Another federal study conducted by the National Highway Traffic Safety Administration shows that distracted driving caused as much as $175 billion in a year. The total loss for all highway crashes is $871 billion with $277 billion in economic costs and $594 billion in "Societal harm". Distracted driving accounted for 17 percent of the total financial losses representing $46 billion a year and 15 percent of the societal arm representing $129 billion a year.

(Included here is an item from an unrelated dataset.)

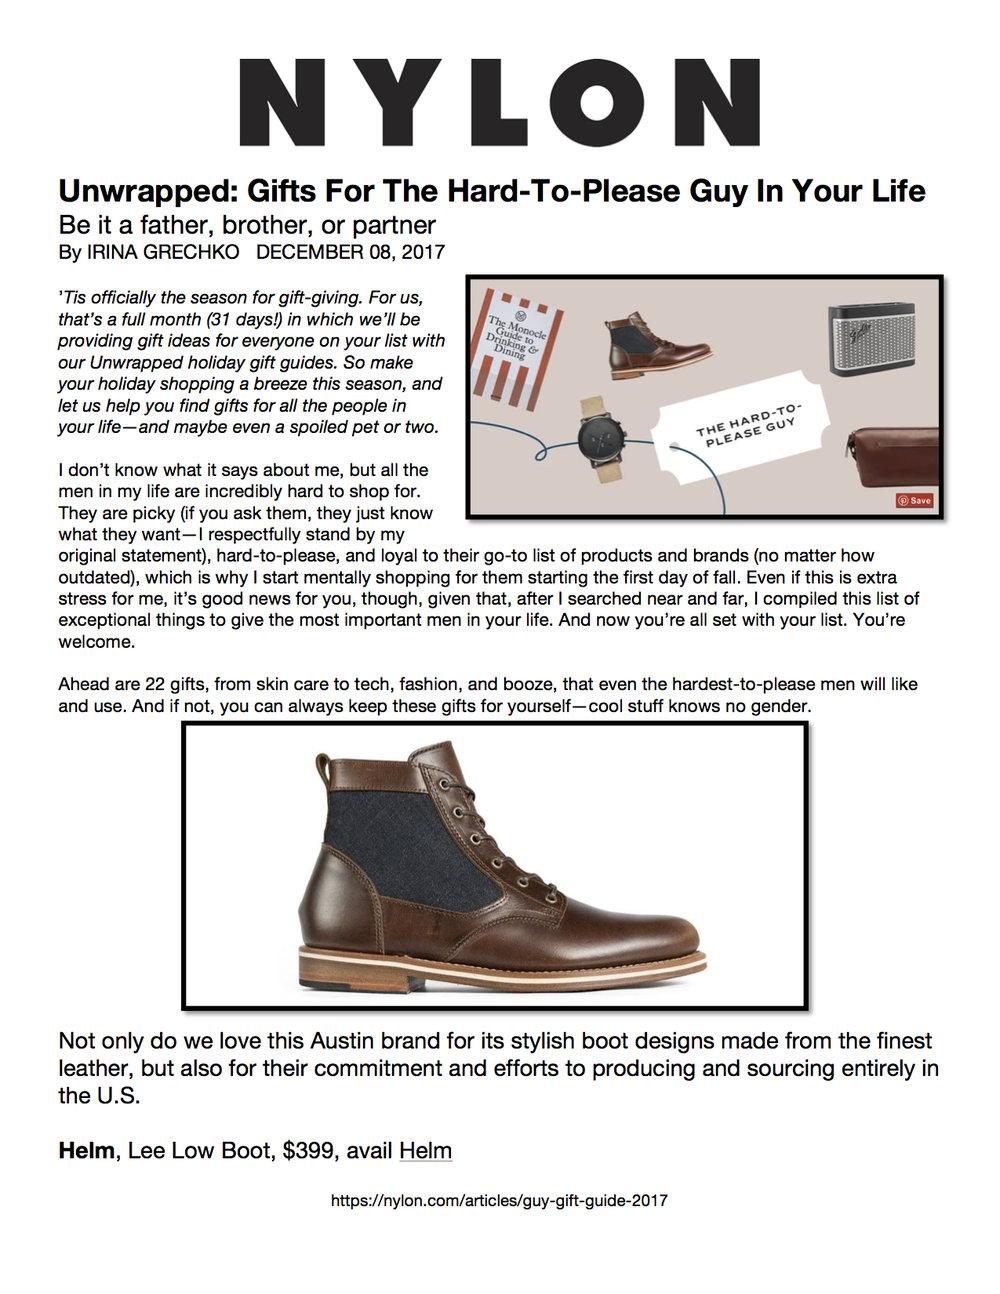 Helm nylon gift guide for the hard to please guy di moda pr solutioingenieria Choice Image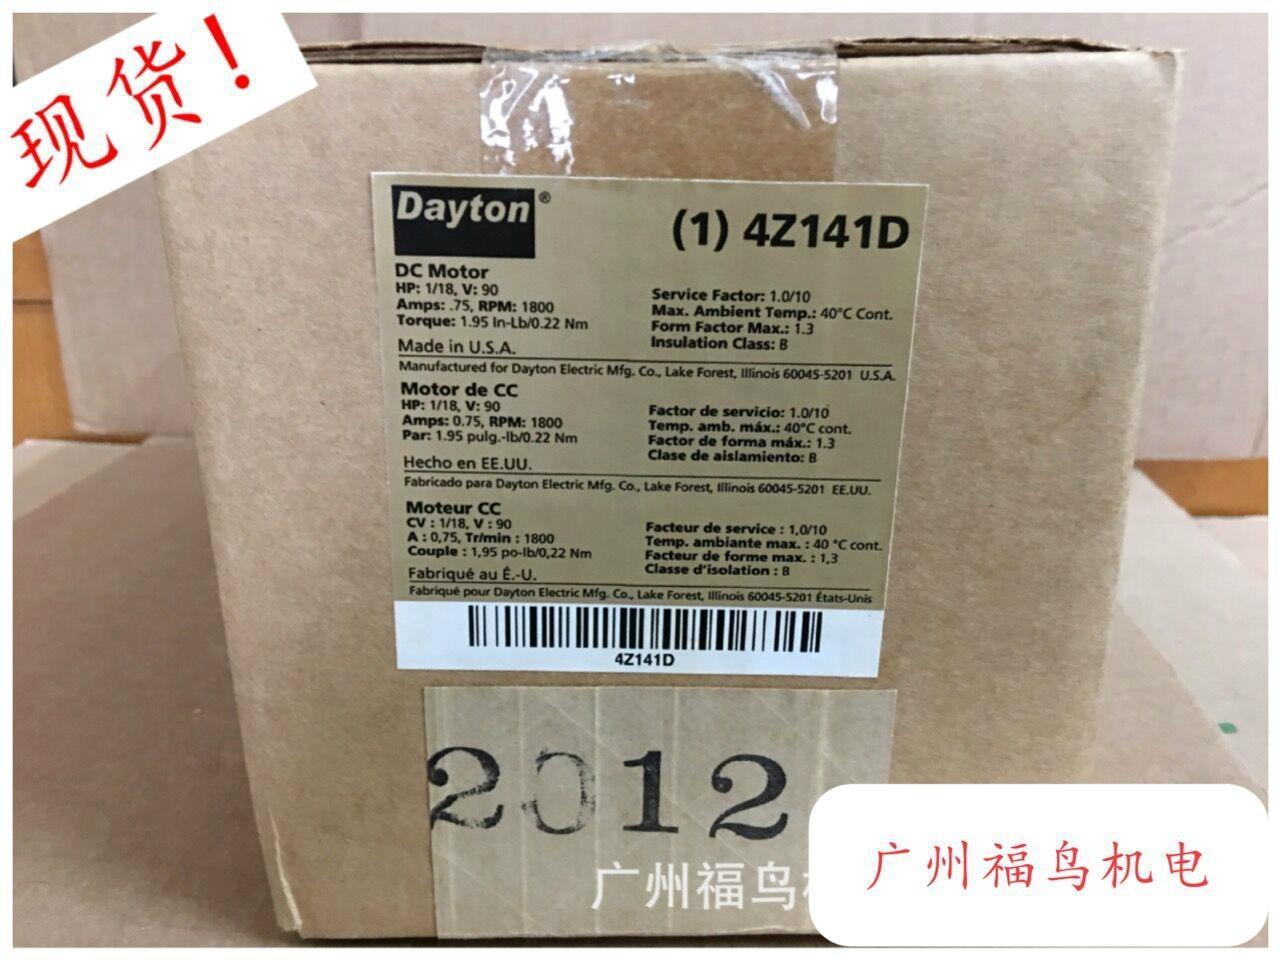 DAYTON電機, 馬達, 現貨型號: 4Z141D

Many People Still Think They Are Great Drivers, and Not the Type That Causes Accidents

Most of the texts sent by drivers seem straightforward and harmless such as "I just wanted to confirm the venue of the meeting", Are you still coming today?", and "I'm just trying to check the map on my phone." Some people think that using the phone while driving helps to slow down or stop as you approach an intersection. It makes sense to say that people believe that it is safer to use the phone if they are moving slowly. However, this appears to be the biggest problem.


The Answer Is Awareness

It turns out that the increase in accidents is because we believe we are good drivers and that we can multitask. However, using smartphone-based apps that track, analyze and report driver behavior can help reduce this preventable risk. In the same way, wearable fitness trackers help patients to monitor their health; the smartphone-based apps give the driver accurate information about their behaviors to ensure they change. All you need is Internet connection to make the app work as required. It is shocking how risky it is to engage in unsafe cell phone use during driving and how drivers acknowledge this. It is time for all drivers to challenge themselves about using smartphone-based apps to become safer drivers.